● **Records for processing**
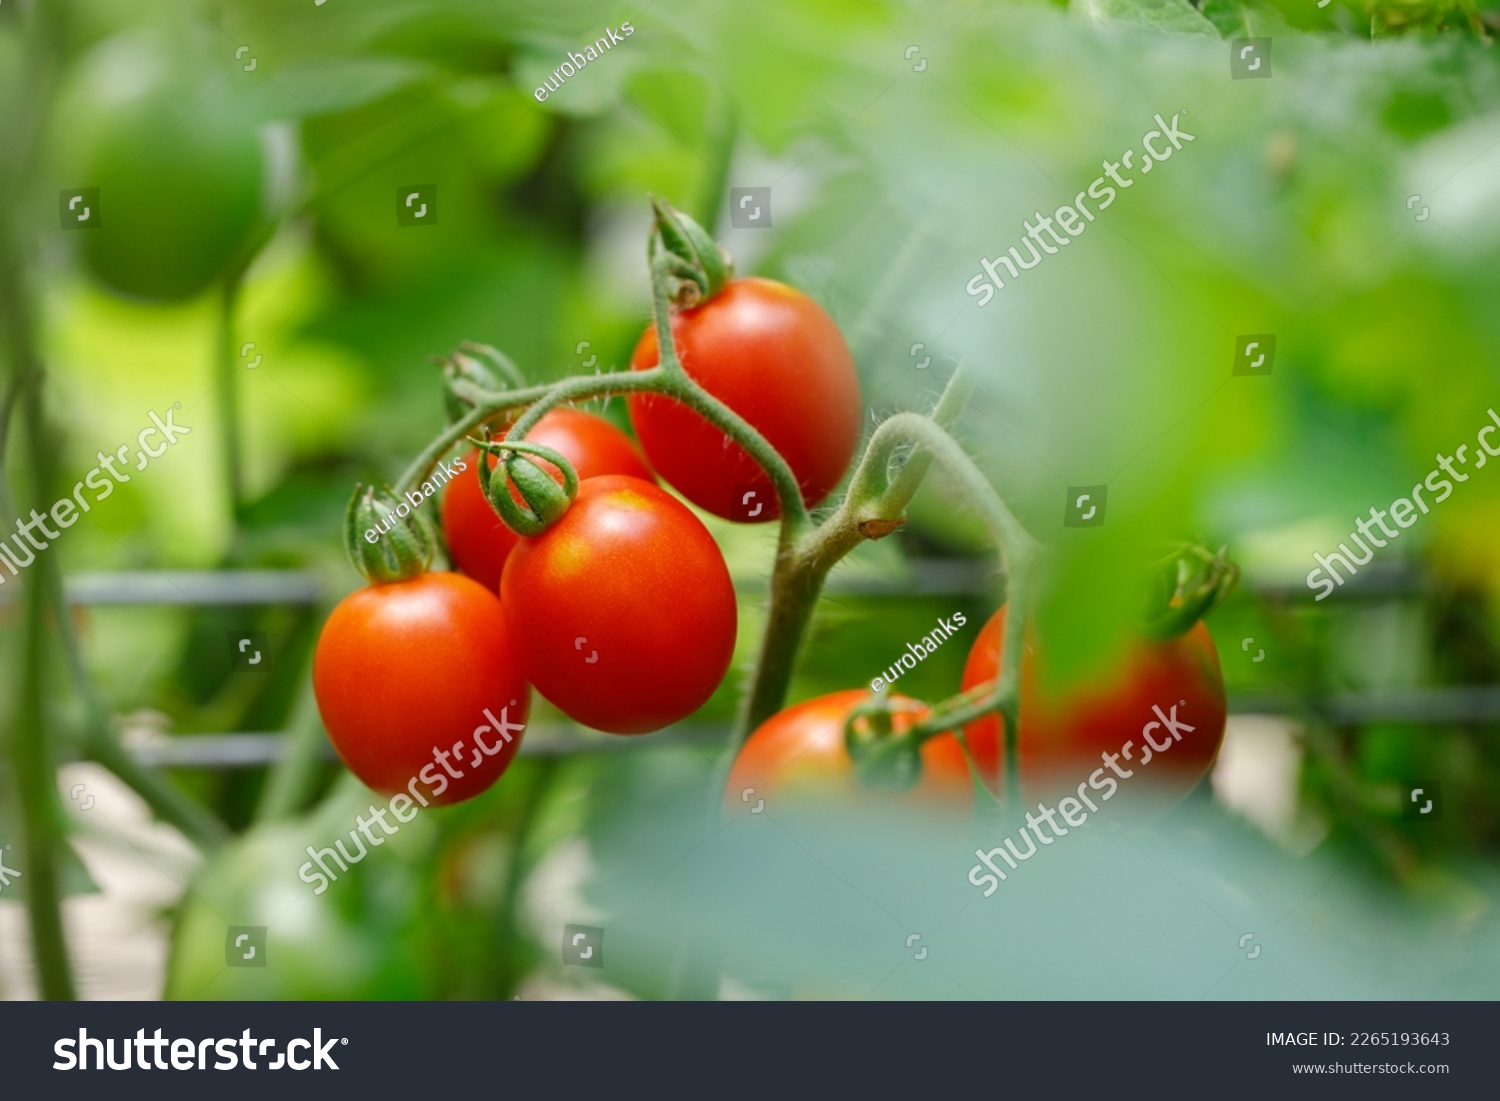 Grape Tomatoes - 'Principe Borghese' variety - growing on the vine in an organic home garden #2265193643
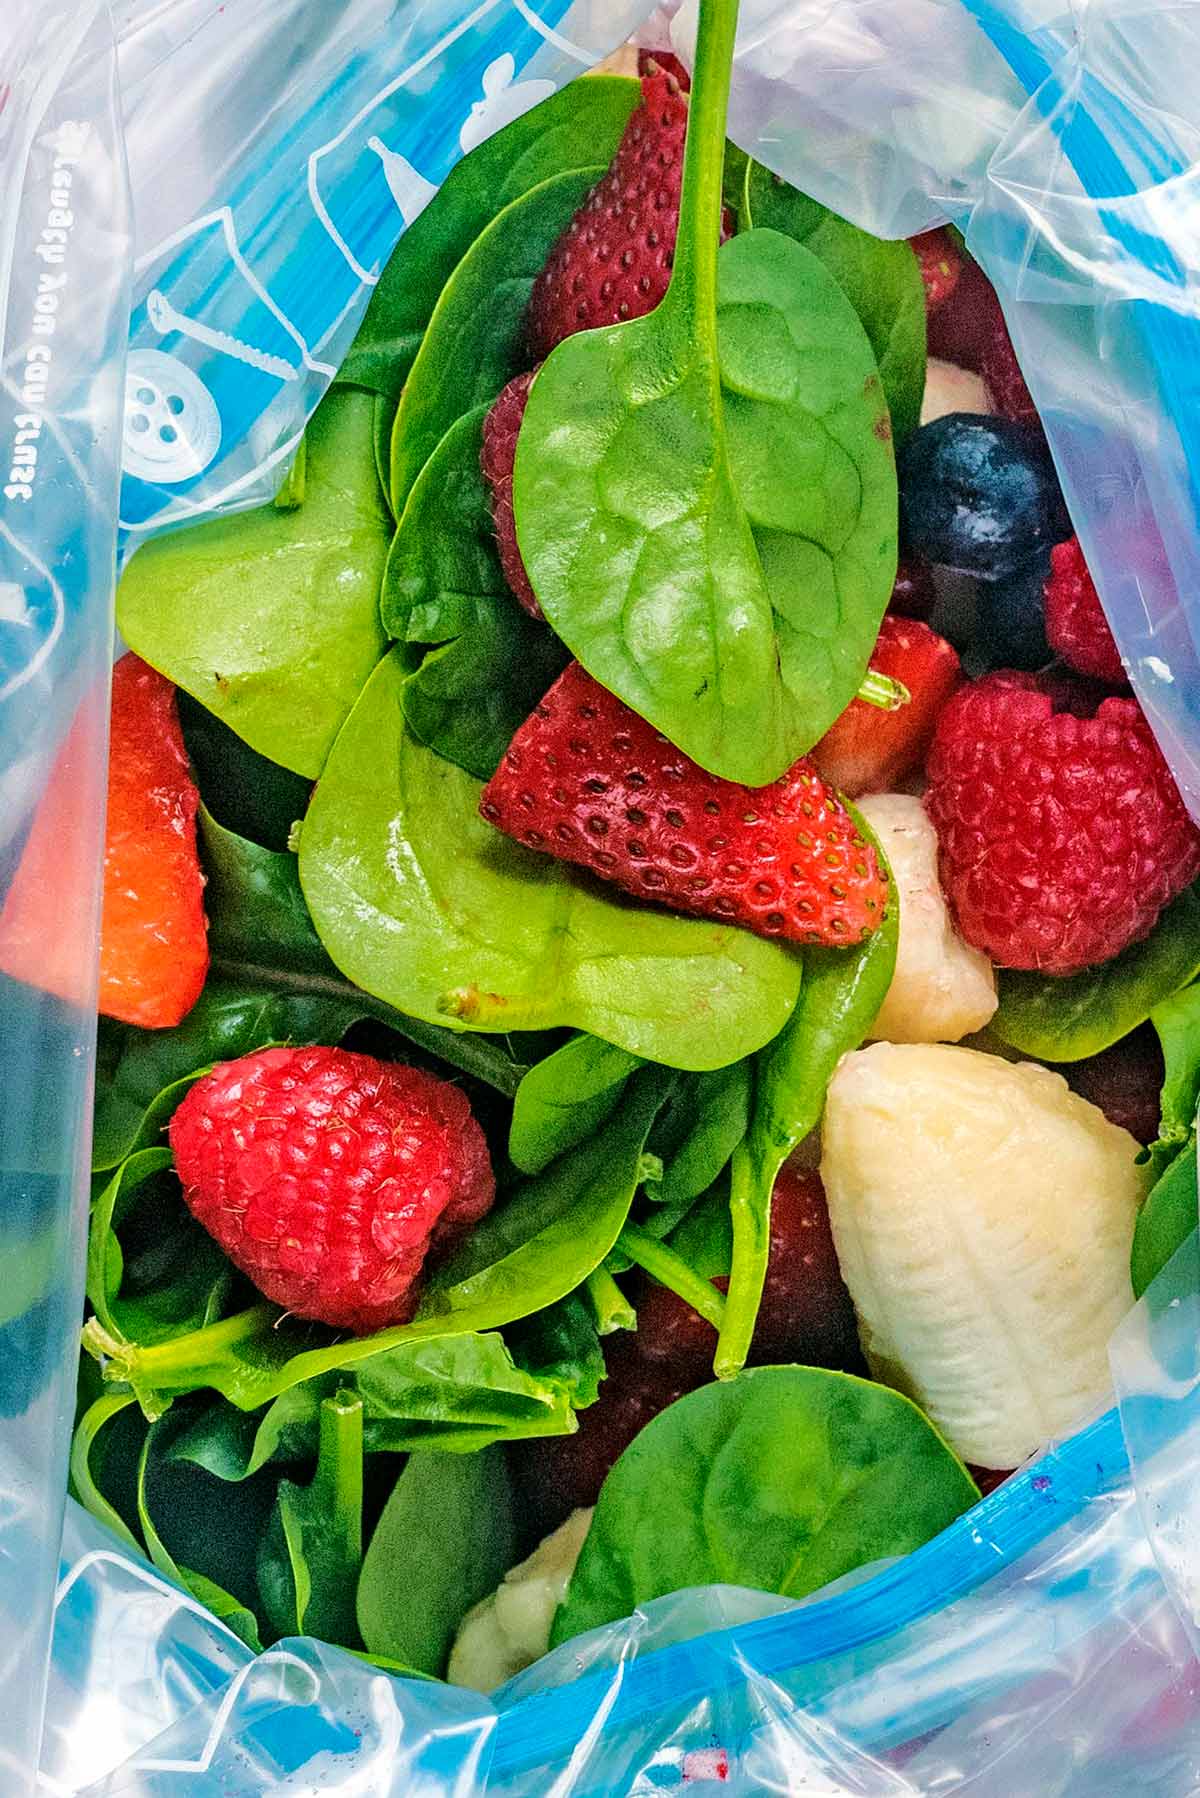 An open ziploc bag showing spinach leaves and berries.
...
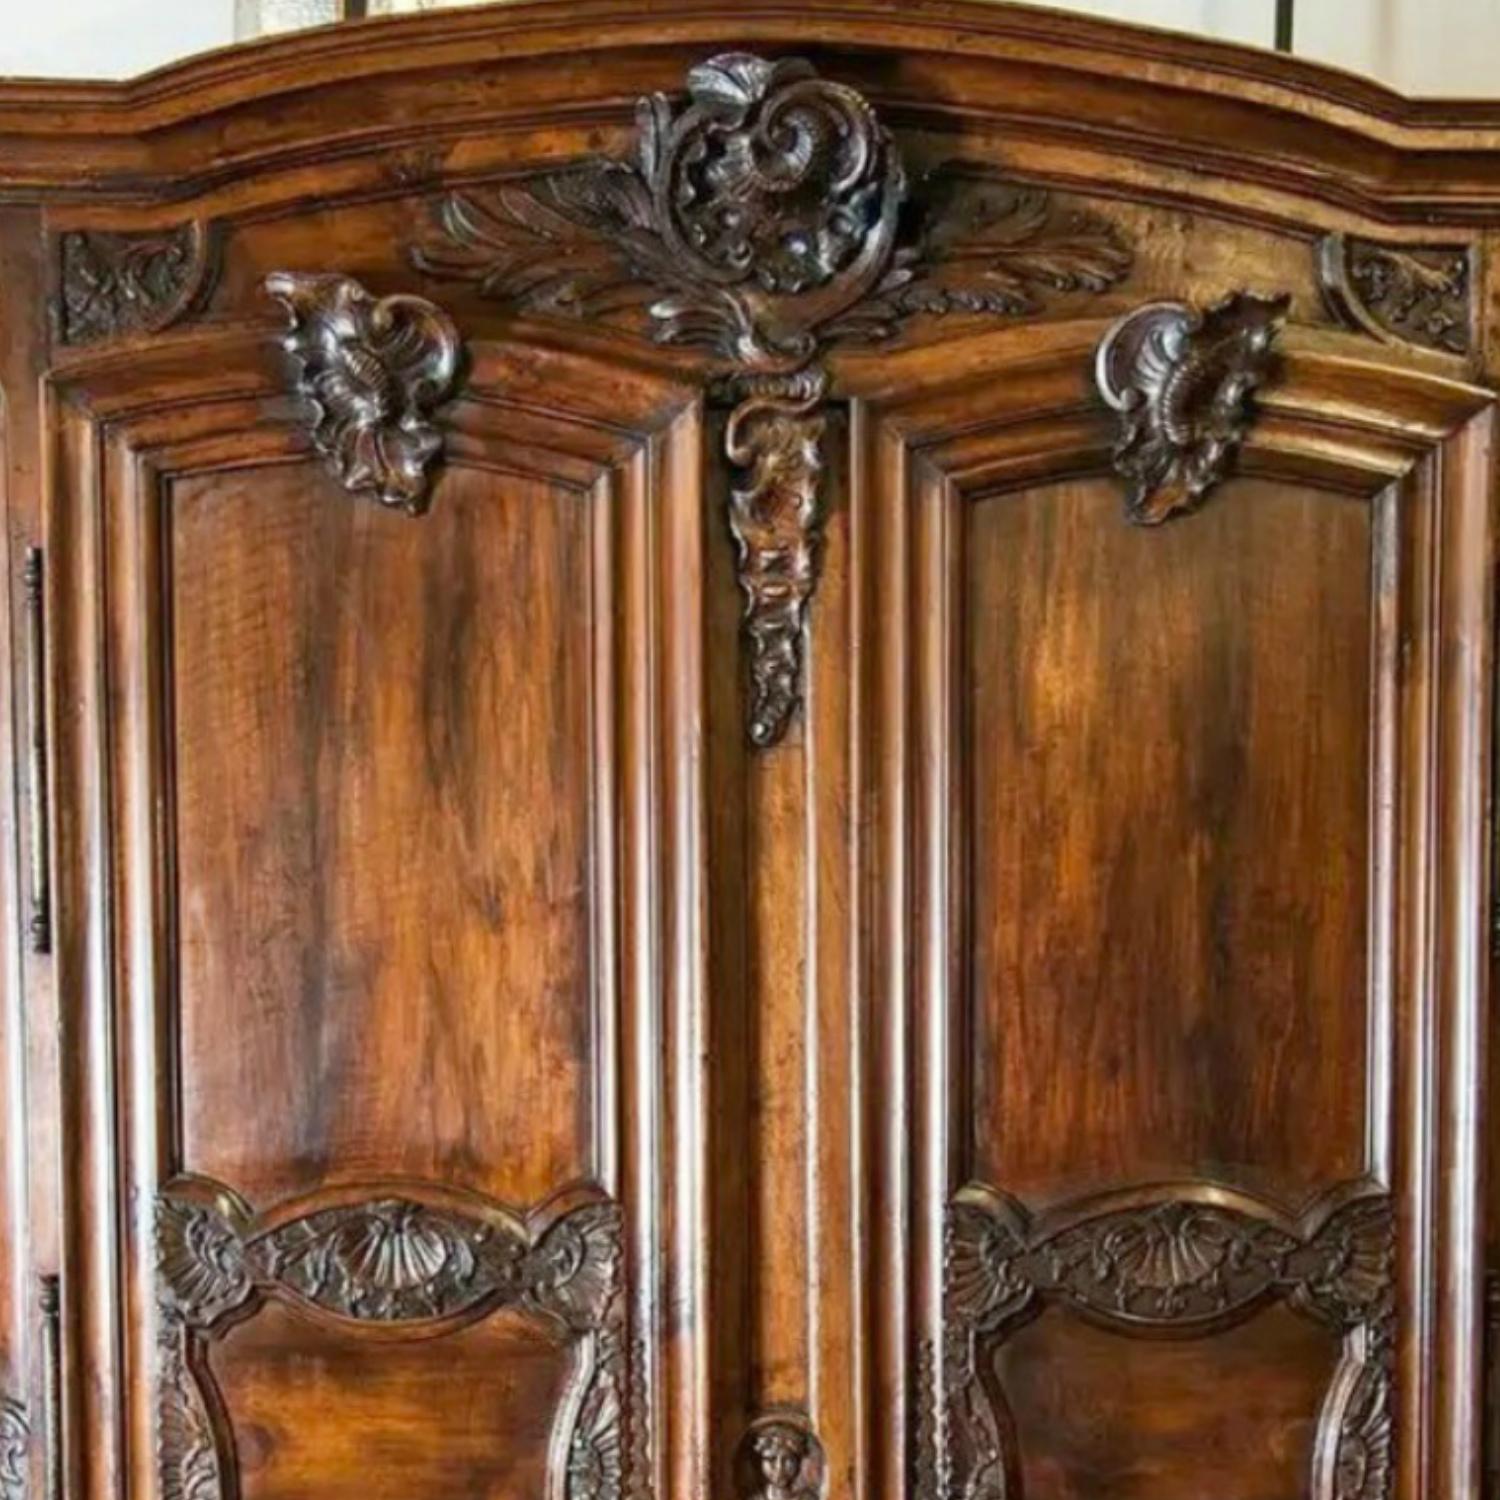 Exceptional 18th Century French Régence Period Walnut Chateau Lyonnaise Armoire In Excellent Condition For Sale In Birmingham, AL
* * *
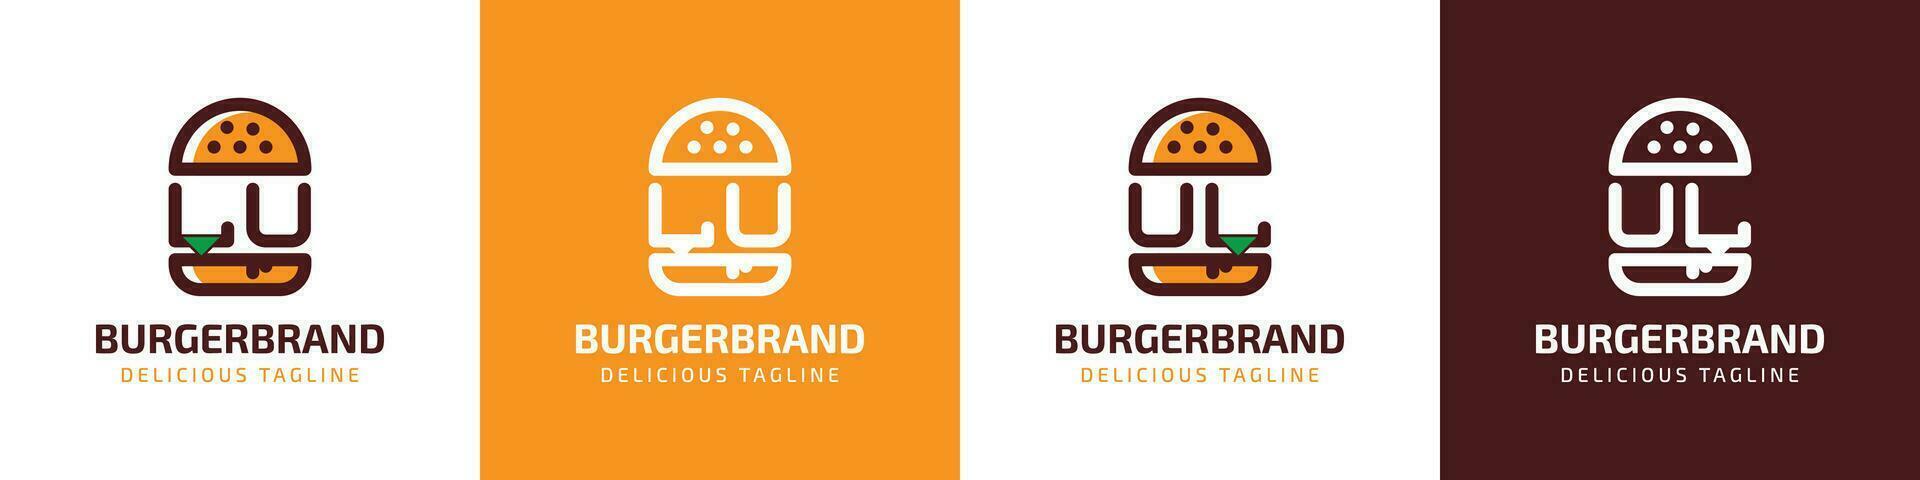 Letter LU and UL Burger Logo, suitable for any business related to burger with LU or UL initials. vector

● **What this task involves**
Give back exactly the lines above that run from the one with "Grape Tomatoes - 'Principe" to the one with "An open ziploc", including both, with the pictures left out.

● **Response to this exercise**
 Grape Tomatoes - 'Principe Borghese' variety - growing on the vine in an organic home garden #2265193643
 An open ziploc bag showing spinach leaves and berries.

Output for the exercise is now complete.